Expansion of Sine and Cosine

With the Pythagoras derived by rotational dynamics from the last post, it is natural to think of sines and cosines as they are both related to rotation more so directly.  

1 Definitions

A big difference about sines and cosines is that they depend on angles rather than side lengths. So what is an angle? Well it is nothing but the length of the arc swiped counterclockwise by a line segment that equals to 1, 

here $OA$ rotates about the origin $O$ then become $OC$, and the length of arc $AC$ is the definition of an angle(in radian), let us call this angle $\alpha$. Now in a 2-D coordinate system, an angle is defined w.r.t. the positive x-axis. For example, let us put this model in a 2-D coordinate, where $O$ is the origin, $A$ is at $(1,0)$, then $OA$ would be at a angle 0 as it overlaps with the positive x-axis and $OC$ would be at an angle $\alpha$. Now to define sine and cosine, $\sin \left(\alpha \right)$ is defined to be the y-coordinate of $C$(or vertical component of $OC$) and $\cos \left(\alpha \right)$ is defined to be the x-coordinate of $C$(or horizontal component of $OC$).  

2 Setup

Now sine and cosine of an angle are defined, but they are only definitions, we want to actually calculate them. We will look at a situation where $OC$ is already at an angle $\alpha$ w.r.t. the horizon, and from there it rotates an angle $\beta$ to become $OE$. 

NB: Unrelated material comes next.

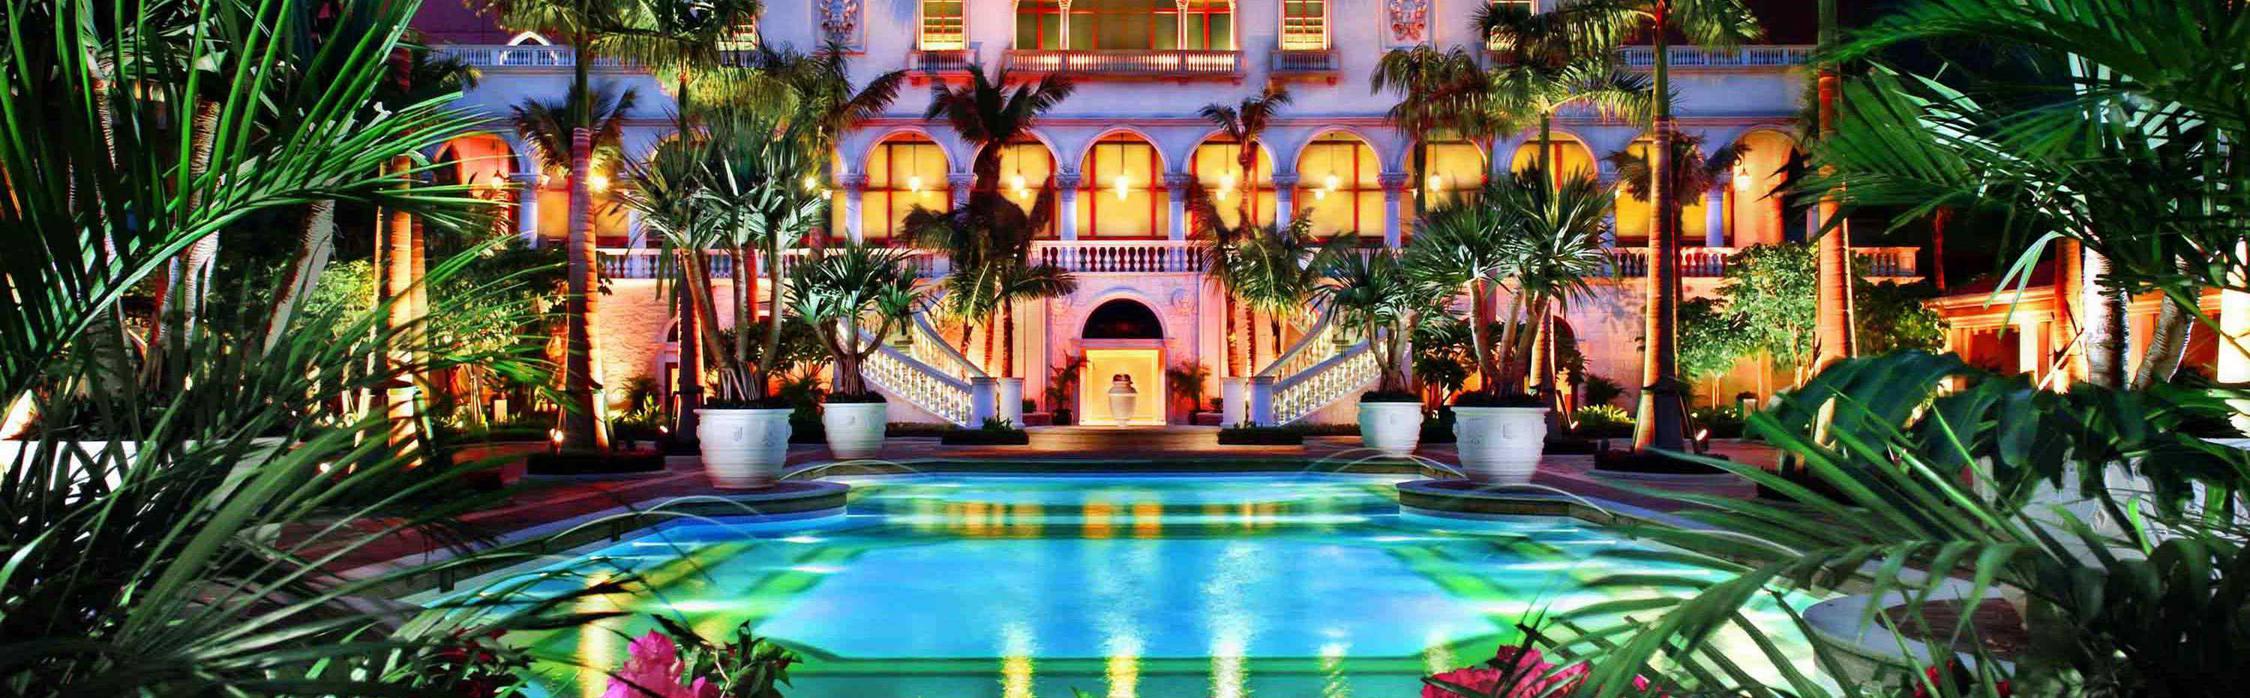 Miami Sightseeing Venetian Pool Miami Tours Miami Discount Tours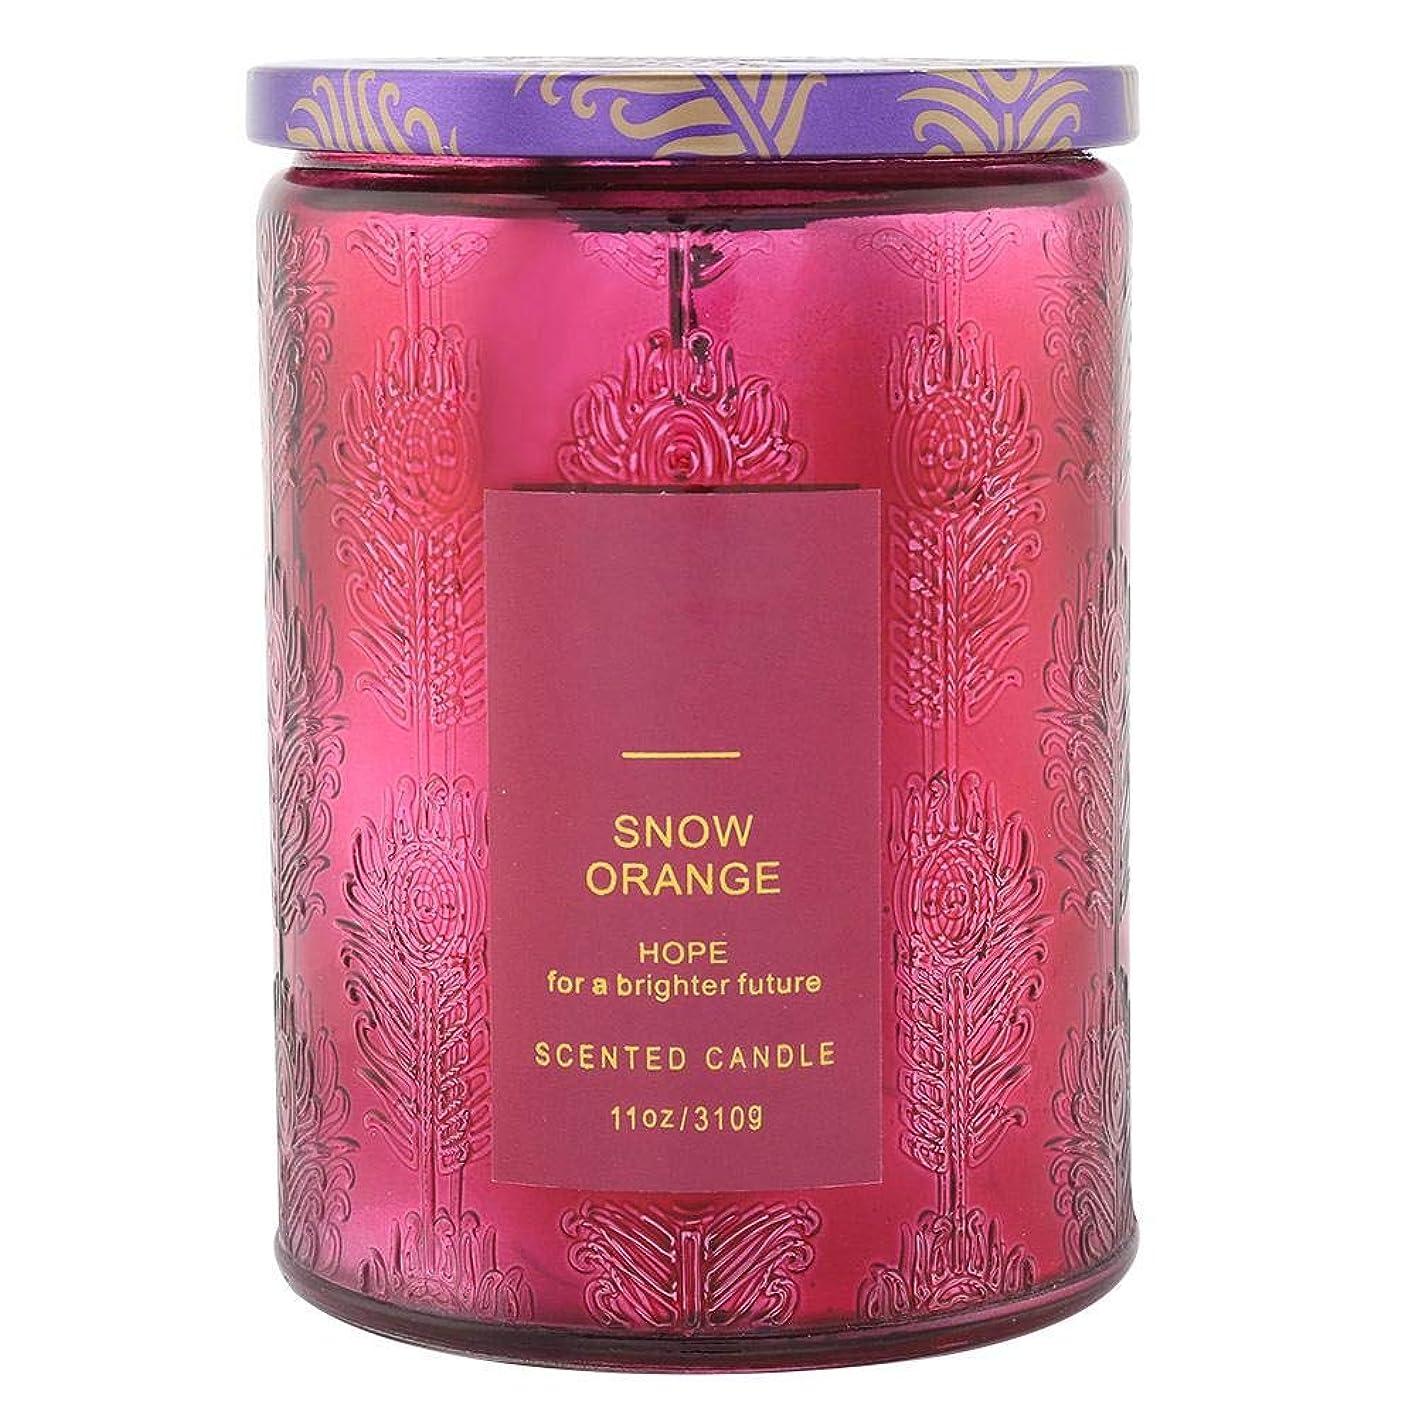 会う論争再発するオレンジ香料入りキャンドル、繊細な香料入りキャンドルフルーツフレグランスワックスエッセンシャルオイルディフューザーキャンドル

And of course the radius is always 1, that is $OA=OC=OE=1$, and remember we say angles but angles are really just arc lengths. $\alpha$ is really just the length of arc $\mathrm{AC}$ and the angle $\mathrm{\beta }$ is just the length of the arc $EC$. Our goal is to find the coordinate of the end point $E$, whose y-coordinate(or vertical components of $OE$) correspond to $\sin \left(\mathrm{\alpha }+\mathrm{\beta }\right)$, and x-coordinate(or horizontal and components of $OE$) correspond to $\cos \left(\mathrm{\alpha }+\mathrm{\beta }\right)$. The reason not let the rotation start from the horizon but rather from a non-zero angle $\alpha$ will become clear at the end of this article. 

3 Discrete rotation 

The approach we use is very similar to the one we used in the derivation of Pythagoras, a rotation can be approximated by discrete linear movements, 

i.e. $OC$ is the starting point and $OC=1$, it takes 4 linear segments(or call them tangent movements) $CP$, $PQ$, $QR$, $RE$ to become $OE$, and of course the direction of motion is always perpendicular to the "radius" at that point so

 $PC\perp OC QP\perp OP RQ\perp OQ ER\perp OR$

and every linear movement is equal in length,

 $PC=QP=RQ=ER$

so this time for each step it moves the same distance, rather than moving the same height as in the Pythagoras case. Now let us get into action and calculate how the horizontal component and the vertical component evolve in this 4-step-rotation. For simplicity, we will use HC and VC as short hands for horizontal component and vertical component.

The first step,

the starting position is at $C$, it has coordinate $(a,b)$ and $OC=1$. The first tangent movement is $C$ to $P$ where $PC\perp OC$ and $PC=\Delta$. $PM$ and $MC$ represent the changes in HC and VC, by similar triangles, 

$PM=\Delta b$ 

$MC=\Delta a$

so after the first step at the new point $P$, its coordinate becomes 

$(a-\Delta b,b+\Delta a)$

let us call it $\left(a^{\text{'}},b^{\text{'}}\right)$ for simplicity. Now the second step,

again, $QP\perp PO$ and $QP=\Delta$, this time $OP$ does not equal to 1 anymore, but in the limiting case when each tangent movement or $\Delta$ is infinitesimally small, then it becomes a proper rotation and radius is preserved. So let us just pretend $\Delta$ is small and radius is still 1 in this case. Again by similar triangle 

$QN=\Delta b^{\text{'}}$

$NP=\Delta a^{\text{'}}$

so after the second step at the new point $Q$, its coordinate becomes 

$(a^{\text{'}}-\Delta b^{\text{'}},b^{\text{'}}+\Delta a^{\text{'}})$ 

call it $\left(a^{\text{'}\text{'}},b^{\text{'}\text{'}}\right)$. The third step,

again, $RQ\perp QO$ and $RQ=\Delta$, and the new point $R$ would have coordinate $(a^{\text{'}\text{'}}-\Delta b^{\text{'}\text{'}},b^{\text{'}\text{'}}+\Delta a^{\text{'}\text{'}})$. 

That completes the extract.